La suite fut difficile pour mon admirable femme, qui se retrouva avec un mari allongé dans un pré aragonais, des vacances sur la côte cantabrique à annuler, des compétences hispanophoniques à peine utiles pour enjoindre un groupe d’amis d’aller à la plage et une Peugeot 106 Diesel version 1994 – bien entendu sans climatisation (l’option coûtait un mois de salaire à cette époque) avec quand même un lecteur de cassette audio et un accessoire fabuleux qui imitait la forme d’une cassette et qui pouvait retranscrire le son en sortie d’un lecteur de CD portable en signal lisible par la tête de lecture d’un magnétophone – en plein juillet 2000.
Cela commença par un parcours épique dans les lacets pyrénéens à vive allure, toute sirène dehors.
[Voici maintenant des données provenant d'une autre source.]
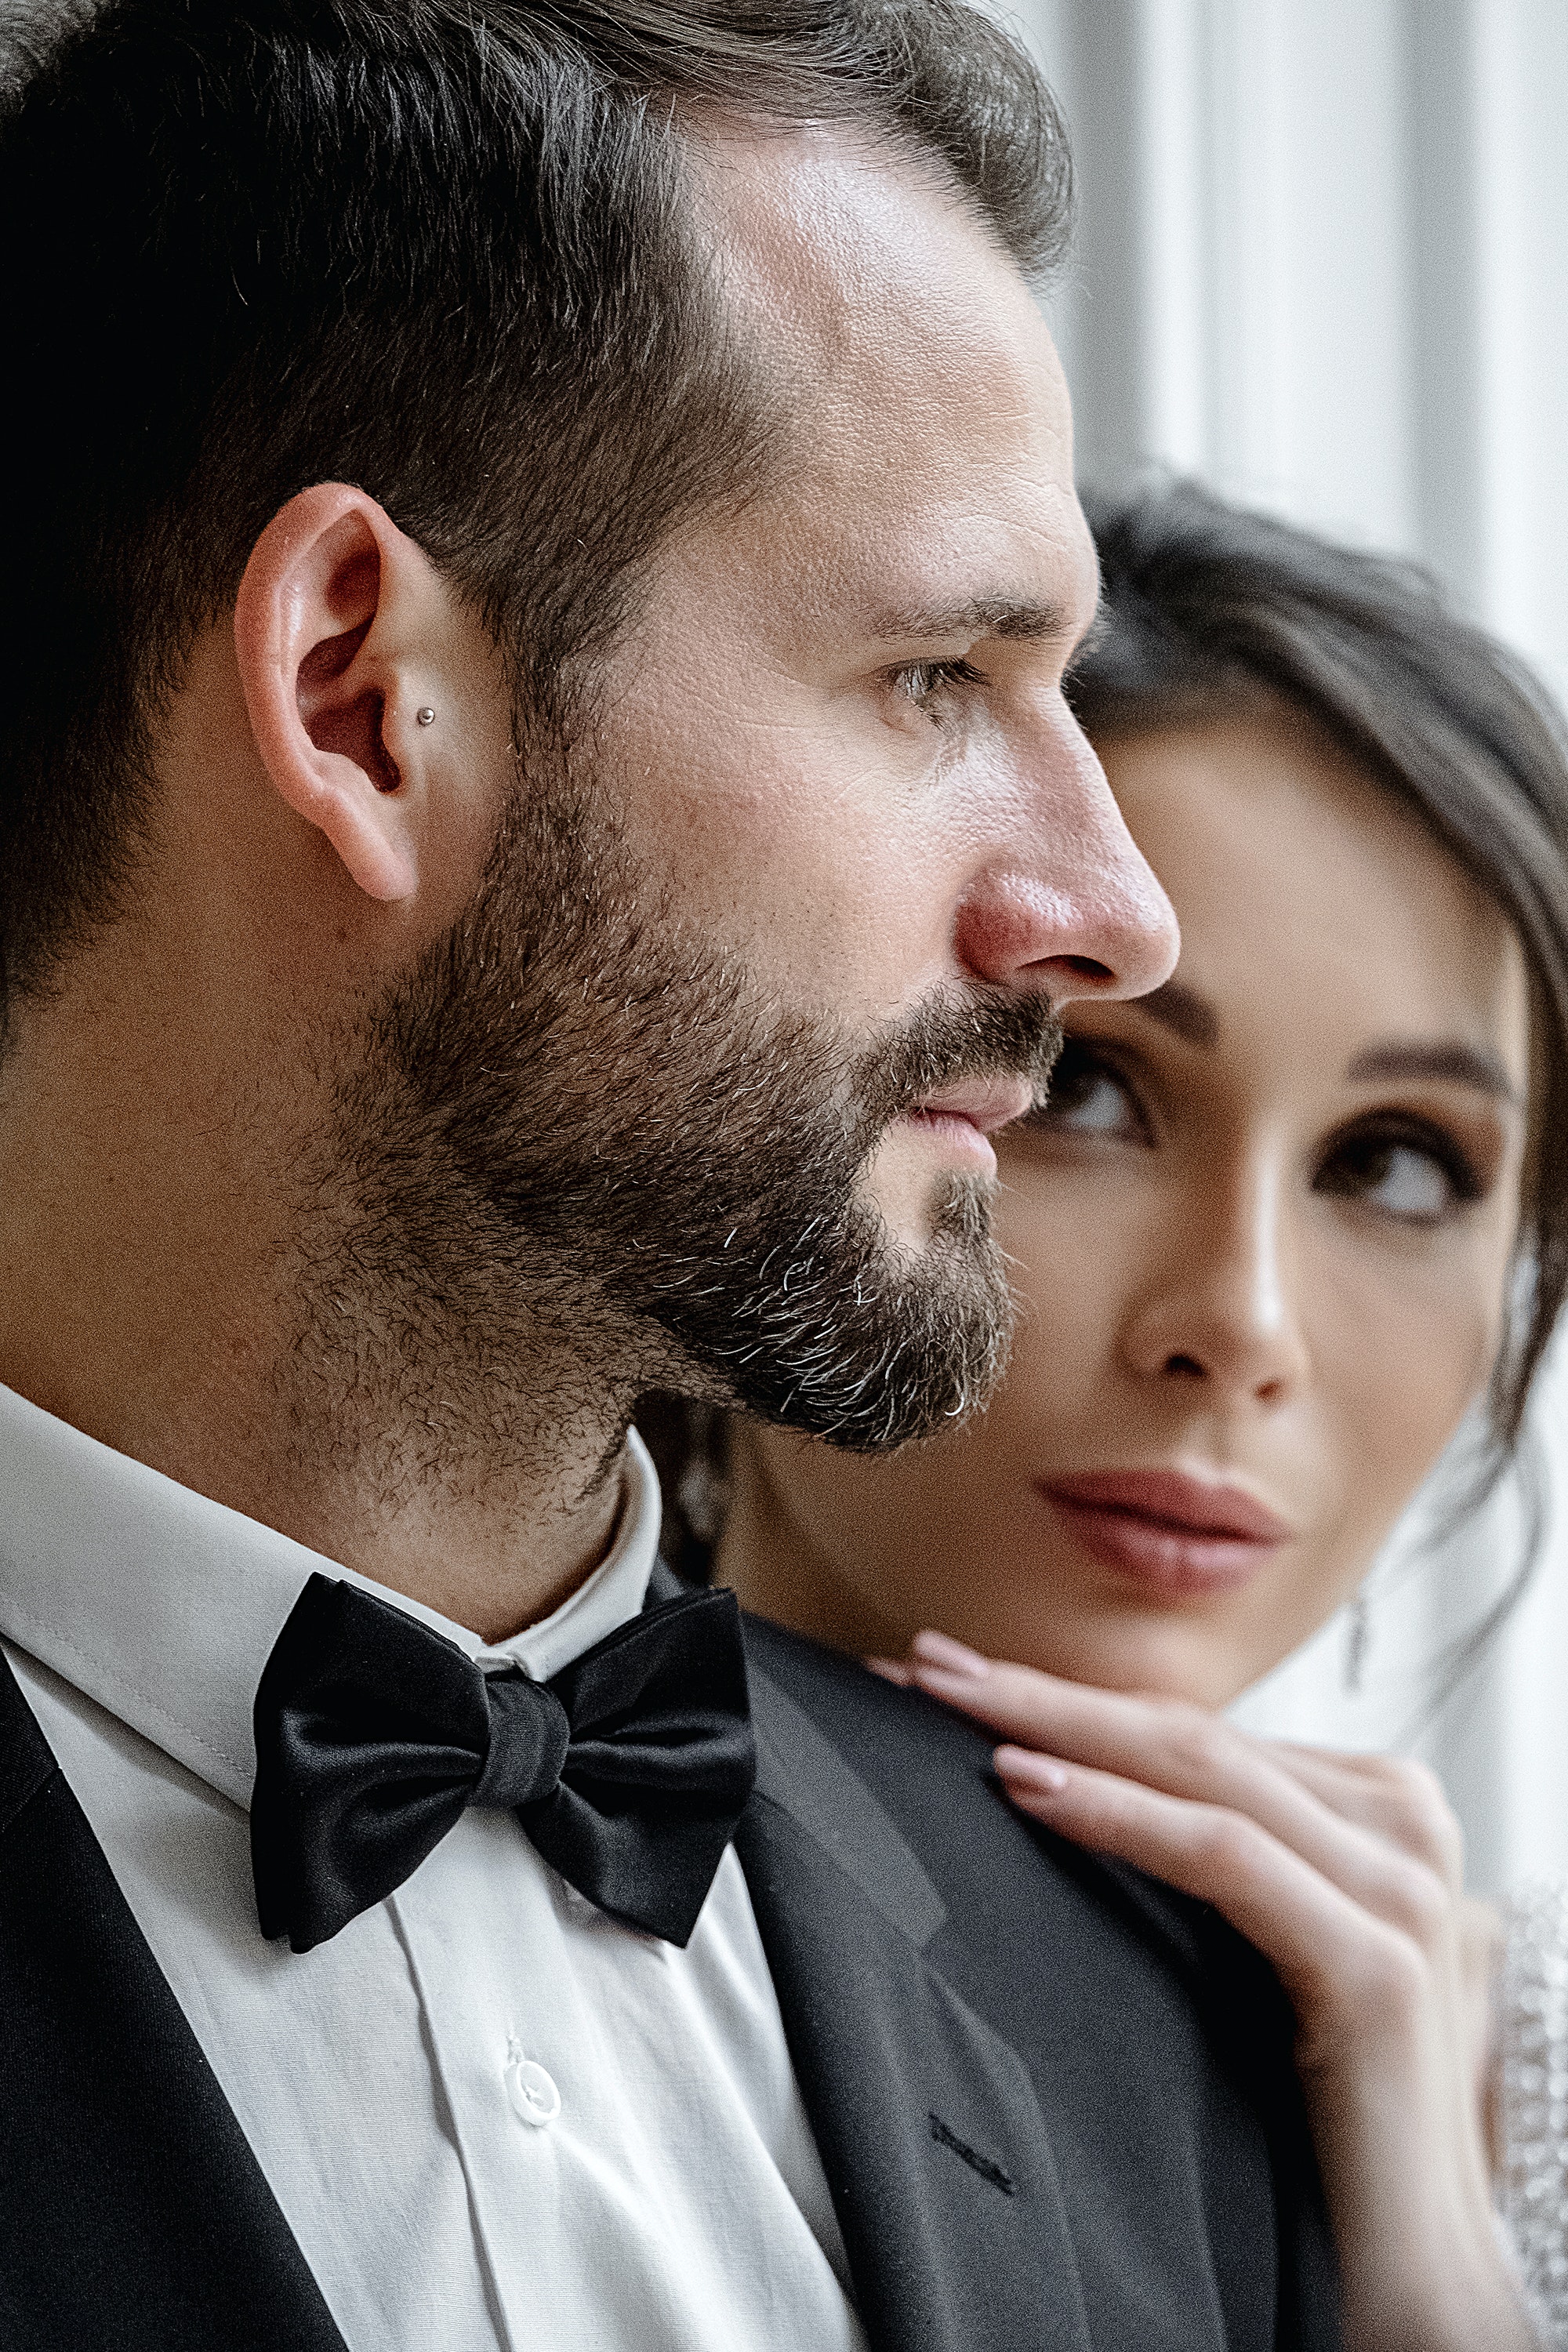 Guy Well Groomed Bearded Hipster Wear Tuxedo. Hairstyle and Beard Grooming.  Barber Shop Concept Stock Photo - Image of designer, tailor: 167192900

Les ambulanciers aragons n’ont pas à rougir des qualités de pilotage requises pour un rallye automobile de niveau mondial. À l’hôpital de Barbastro, nous fûmes séparés un long moment, le temps que mon dos soit radiographié. Pour éviter tout mouvement de ma colonne vertébrale, plutôt que de me les enlever normalement, les infirmières découpèrent mes vêtements aux ciseaux. Elles donnèrent les lambeaux à ma femme qui, déjà inquiète de niveau 7.3, se décomposa un peu plus. Nous nous retrouvâmes ensuite dans une salle de passage, entre des personnes âgées intubées et des patients qui râlaient de douleur. Le soir venait, la nuit tombait, les médecins ne se prononçaient toujours pas. Ce n’est qu’à la nuit tombée que le premier diagnostic était annoncé : il n’y a rien de grave pour le moment. « Mais il pourra marcher ? » répétait ma femme en boucle. Je crois que l’on pouvait voir ses cheveux tomber. La terreur avait trouvé un visage à dominer. Les infirmières qui ne parlaient pas autre chose que leur belle langue ibérique n’étaient de plus pas aptes à répondre à ces questions. Elles restaient aussi évasives que possible, creusant plus encore les traits de ma femme épuisée.
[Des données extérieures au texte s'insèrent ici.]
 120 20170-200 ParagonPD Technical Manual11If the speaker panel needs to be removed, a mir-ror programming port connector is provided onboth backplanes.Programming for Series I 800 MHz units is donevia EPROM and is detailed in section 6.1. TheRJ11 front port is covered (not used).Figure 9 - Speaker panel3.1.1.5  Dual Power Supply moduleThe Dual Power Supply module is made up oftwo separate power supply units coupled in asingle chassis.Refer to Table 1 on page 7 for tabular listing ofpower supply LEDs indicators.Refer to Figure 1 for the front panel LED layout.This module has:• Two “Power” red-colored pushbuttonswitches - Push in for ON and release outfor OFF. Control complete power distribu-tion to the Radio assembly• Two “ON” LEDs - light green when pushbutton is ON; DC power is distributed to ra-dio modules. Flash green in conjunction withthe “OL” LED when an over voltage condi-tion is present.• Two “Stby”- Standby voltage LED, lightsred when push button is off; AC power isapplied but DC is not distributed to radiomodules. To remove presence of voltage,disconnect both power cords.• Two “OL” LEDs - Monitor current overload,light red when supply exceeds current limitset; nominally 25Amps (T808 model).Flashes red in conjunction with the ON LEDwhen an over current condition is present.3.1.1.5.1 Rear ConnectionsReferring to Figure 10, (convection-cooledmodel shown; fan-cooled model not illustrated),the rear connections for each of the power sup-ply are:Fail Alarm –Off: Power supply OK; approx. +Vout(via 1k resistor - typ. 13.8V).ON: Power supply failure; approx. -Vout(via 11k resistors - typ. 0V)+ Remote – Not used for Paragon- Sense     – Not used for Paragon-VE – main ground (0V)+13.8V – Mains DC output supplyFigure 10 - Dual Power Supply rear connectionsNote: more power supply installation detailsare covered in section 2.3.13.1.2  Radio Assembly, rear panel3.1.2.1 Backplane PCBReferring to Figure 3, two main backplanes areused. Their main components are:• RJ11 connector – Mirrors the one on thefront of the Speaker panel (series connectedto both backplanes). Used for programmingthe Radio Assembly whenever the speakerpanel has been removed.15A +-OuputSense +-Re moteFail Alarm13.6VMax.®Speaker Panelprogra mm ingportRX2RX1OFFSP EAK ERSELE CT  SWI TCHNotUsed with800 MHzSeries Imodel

Le lendemain en fin de matinée, un médecin français d’Europe Assistance arriva, enfin. Un médecin bien détendu, qui en avait vu d’autres. Il nous rassura, nous expliqua tout, nous montra les radiographies. « D12 et L2, là, vous voyez ces fissures ? » Deux vertèbres fracturées, et des disques intervertébraux ratatinés. Des ambulanciers me mirent dans une coque gonflable : je ne pouvais plus bouger, rien. Le rapatriement fut long, éternel. D’abord en ambulance, de Barbastro à l’aéroport de Barcelone, d’où j’écris encore aujourd’hui, quatorze ans plus tard. Puis en avion jusqu’à Orly. Enfin, je crois, je sais plus. Et puis encore en ambulance. On me déposé sur mon lit, à Sceaux, en banlieue parisienne, aux alentours de minuit. Ma femme venait d’arriver elle aussi, près de La Rochelle, en voiture, toute seule, à une période de la saison estivale que Bison Futé ne conseillerait même pas à une horde de caravanes néerlandaises.
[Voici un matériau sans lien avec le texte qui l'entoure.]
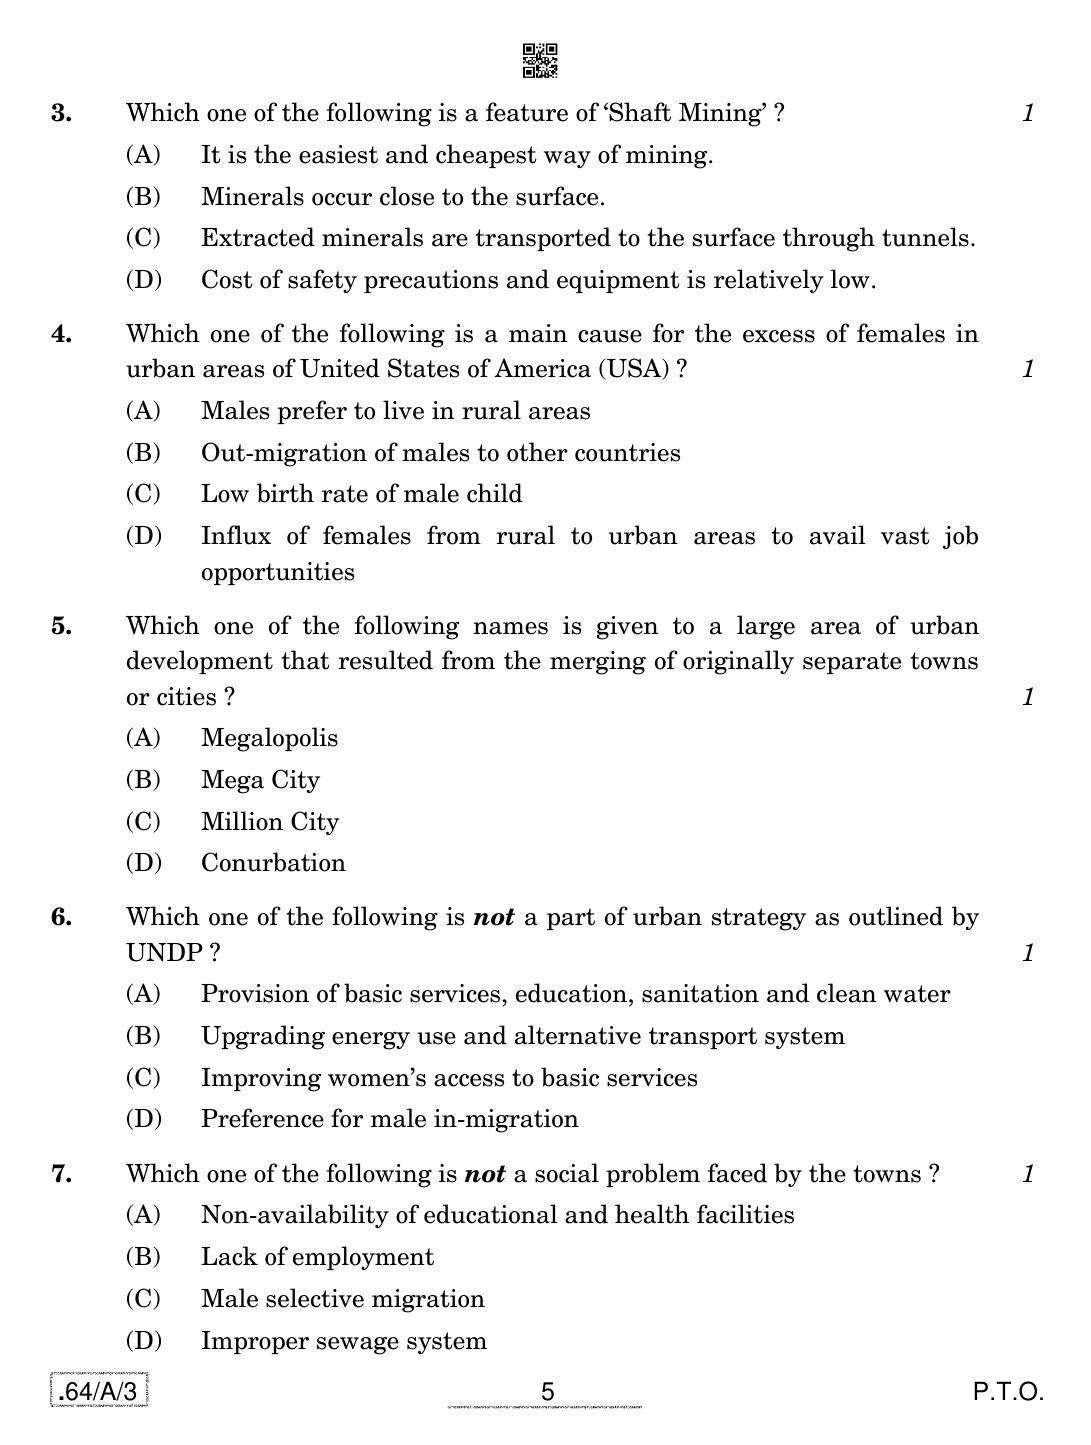 CBSE Class 12 64-C-3 - Geography 2020 Compartment Question Paper - Page 5

Le reste, c’est un mois de corset de contention, dont deux semaines complètement alité décomptés de mes congés payés, avec injection d’anticoagulant dans le gras du ventre tous les jours par ma grand-mère. Ce ne fut pas si terrible. J’ai une très grande propension naturelle à ne rien faire du tout.
Le plus étonnant est que je n’en ai pour le moment aucune séquelle physiologique.